▶ Task to complete
Write out, unaltered, each line from the top of the records below down to the line where "Zoran Jankovic ist" appears, that line included.
::::::::::
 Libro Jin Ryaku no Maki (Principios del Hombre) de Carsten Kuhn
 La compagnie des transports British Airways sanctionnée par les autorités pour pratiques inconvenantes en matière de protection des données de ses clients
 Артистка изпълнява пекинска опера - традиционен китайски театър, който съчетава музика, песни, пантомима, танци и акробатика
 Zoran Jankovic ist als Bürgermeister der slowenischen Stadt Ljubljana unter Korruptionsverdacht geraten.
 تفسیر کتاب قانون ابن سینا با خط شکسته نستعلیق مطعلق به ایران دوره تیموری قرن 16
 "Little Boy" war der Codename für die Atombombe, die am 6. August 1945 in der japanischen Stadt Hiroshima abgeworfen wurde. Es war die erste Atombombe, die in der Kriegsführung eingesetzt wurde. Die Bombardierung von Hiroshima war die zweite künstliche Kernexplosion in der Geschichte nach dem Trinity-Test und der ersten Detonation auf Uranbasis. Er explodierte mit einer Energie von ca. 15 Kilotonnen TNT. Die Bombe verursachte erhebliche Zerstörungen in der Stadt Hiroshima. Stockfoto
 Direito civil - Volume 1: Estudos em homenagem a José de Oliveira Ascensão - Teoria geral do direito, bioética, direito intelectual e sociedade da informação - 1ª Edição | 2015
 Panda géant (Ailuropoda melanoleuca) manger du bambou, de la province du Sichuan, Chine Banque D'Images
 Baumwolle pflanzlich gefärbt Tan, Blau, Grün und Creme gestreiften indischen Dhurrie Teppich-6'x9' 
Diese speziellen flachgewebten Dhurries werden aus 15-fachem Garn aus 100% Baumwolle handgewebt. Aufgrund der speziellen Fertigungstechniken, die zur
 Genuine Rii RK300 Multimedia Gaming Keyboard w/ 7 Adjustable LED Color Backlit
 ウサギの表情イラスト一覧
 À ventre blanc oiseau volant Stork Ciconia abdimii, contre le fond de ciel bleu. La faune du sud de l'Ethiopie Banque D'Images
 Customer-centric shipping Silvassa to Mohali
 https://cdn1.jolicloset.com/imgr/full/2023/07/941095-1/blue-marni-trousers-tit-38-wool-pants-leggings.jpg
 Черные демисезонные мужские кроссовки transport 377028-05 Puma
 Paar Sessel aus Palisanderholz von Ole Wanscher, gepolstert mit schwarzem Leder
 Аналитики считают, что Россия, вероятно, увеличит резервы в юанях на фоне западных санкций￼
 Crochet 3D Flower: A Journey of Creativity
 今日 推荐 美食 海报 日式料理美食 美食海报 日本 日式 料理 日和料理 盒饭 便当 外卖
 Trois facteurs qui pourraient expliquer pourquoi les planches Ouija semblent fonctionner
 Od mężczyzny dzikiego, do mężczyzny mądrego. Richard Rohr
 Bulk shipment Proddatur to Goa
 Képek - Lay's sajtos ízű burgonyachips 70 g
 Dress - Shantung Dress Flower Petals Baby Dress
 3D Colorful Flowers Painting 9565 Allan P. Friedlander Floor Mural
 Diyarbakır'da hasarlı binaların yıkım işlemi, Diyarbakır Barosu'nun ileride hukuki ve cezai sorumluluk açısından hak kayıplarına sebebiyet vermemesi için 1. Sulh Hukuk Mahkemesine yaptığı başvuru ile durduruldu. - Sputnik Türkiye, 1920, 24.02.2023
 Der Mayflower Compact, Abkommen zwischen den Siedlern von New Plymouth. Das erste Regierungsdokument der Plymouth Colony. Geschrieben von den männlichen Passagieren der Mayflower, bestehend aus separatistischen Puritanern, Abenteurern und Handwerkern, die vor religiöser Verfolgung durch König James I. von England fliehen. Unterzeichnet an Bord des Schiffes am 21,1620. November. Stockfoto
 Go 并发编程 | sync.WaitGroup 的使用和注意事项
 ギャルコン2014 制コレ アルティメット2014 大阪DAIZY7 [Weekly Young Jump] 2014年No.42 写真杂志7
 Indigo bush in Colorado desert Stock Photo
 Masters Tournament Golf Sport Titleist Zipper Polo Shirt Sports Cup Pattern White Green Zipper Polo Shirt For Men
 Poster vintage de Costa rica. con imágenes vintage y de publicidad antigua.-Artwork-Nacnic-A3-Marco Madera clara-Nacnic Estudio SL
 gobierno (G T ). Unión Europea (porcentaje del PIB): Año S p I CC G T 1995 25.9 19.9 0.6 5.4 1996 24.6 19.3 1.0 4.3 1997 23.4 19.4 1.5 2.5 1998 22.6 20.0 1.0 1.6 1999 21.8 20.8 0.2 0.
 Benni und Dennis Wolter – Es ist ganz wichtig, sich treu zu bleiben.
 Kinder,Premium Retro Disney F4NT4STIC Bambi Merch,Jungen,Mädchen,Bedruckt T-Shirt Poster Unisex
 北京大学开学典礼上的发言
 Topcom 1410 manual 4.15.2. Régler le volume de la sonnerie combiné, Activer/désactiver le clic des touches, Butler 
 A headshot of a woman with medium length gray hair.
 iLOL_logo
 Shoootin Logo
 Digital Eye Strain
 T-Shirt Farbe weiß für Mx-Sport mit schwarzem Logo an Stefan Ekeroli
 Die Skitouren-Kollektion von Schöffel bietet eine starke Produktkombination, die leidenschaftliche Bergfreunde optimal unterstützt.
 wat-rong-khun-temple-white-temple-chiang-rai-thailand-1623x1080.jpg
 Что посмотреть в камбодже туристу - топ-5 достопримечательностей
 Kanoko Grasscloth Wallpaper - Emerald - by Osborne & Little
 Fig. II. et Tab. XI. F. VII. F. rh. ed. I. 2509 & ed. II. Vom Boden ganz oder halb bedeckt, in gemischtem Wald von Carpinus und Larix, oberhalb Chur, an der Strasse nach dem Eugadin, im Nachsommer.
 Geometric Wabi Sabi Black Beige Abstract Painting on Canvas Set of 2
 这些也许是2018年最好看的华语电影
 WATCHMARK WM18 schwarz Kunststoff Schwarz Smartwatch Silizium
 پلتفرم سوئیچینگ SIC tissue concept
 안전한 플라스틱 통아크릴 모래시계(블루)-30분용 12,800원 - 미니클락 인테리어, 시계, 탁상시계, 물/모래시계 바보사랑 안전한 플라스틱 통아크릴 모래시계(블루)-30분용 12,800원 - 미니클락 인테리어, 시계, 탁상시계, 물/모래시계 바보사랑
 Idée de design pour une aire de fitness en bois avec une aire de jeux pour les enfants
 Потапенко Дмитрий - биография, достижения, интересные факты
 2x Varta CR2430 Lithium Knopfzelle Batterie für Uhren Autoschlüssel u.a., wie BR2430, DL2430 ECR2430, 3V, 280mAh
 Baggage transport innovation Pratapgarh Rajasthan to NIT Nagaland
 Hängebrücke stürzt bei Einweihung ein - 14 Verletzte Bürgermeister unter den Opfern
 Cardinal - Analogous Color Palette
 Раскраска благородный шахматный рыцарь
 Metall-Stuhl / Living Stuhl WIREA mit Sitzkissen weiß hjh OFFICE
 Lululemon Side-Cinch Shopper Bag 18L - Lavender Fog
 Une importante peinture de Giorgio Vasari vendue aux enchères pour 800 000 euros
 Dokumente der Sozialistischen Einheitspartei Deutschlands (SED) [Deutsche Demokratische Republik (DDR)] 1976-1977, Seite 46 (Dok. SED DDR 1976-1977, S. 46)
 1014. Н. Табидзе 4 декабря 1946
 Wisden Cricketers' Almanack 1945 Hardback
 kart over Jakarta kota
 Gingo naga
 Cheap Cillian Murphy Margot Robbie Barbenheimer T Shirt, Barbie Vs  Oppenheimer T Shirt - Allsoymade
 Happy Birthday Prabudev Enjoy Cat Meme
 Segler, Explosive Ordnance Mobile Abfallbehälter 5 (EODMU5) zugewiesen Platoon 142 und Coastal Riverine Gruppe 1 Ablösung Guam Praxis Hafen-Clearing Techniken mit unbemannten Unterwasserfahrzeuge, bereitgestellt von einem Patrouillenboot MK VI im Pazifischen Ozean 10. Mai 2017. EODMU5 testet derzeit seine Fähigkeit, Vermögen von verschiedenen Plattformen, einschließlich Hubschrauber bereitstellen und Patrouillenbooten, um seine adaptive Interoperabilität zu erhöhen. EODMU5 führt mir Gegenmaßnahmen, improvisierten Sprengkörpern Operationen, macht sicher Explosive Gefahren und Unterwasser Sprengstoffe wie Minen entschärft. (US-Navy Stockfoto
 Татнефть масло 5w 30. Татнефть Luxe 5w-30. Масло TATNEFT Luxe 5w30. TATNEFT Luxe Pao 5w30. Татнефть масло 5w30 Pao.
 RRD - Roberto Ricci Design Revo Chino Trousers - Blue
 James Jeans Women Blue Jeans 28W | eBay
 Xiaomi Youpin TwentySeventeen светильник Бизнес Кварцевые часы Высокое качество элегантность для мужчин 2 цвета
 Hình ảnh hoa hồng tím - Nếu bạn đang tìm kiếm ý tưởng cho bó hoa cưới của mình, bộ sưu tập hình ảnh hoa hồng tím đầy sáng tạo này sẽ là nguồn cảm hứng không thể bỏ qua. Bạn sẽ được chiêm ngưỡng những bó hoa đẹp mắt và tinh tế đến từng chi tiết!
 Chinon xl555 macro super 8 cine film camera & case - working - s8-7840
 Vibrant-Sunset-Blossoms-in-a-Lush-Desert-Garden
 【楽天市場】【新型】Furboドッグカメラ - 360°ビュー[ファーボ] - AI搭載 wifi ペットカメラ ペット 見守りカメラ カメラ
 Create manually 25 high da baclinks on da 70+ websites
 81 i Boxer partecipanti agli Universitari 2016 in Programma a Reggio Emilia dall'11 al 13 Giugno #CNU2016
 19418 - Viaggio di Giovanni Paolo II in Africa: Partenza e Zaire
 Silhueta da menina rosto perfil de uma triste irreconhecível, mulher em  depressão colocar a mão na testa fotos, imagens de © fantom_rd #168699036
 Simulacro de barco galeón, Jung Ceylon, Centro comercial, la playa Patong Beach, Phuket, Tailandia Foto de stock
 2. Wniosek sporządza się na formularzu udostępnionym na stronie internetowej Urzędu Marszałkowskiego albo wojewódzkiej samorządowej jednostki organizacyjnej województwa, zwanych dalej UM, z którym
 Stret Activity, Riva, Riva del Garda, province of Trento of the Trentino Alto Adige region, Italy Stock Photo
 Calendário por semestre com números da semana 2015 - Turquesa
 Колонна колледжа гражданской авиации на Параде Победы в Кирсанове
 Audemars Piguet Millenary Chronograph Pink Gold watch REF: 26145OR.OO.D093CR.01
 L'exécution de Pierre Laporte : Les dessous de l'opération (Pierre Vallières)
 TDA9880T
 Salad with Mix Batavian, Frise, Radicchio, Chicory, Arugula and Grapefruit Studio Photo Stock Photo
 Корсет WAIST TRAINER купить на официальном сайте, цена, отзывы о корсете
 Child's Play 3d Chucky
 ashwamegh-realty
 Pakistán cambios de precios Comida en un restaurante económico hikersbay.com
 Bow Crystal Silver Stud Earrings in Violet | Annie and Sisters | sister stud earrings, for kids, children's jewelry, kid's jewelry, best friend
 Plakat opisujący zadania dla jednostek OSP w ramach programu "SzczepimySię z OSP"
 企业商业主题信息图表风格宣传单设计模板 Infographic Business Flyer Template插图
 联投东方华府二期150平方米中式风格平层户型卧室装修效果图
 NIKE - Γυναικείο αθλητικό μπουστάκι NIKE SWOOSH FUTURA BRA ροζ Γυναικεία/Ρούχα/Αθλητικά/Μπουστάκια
::::::::::
▶ Completed task
 Libro Jin Ryaku no Maki (Principios del Hombre) de Carsten Kuhn
 La compagnie des transports British Airways sanctionnée par les autorités pour pratiques inconvenantes en matière de protection des données de ses clients
 Артистка изпълнява пекинска опера - традиционен китайски театър, който съчетава музика, песни, пантомима, танци и акробатика
 Zoran Jankovic ist als Bürgermeister der slowenischen Stadt Ljubljana unter Korruptionsverdacht geraten.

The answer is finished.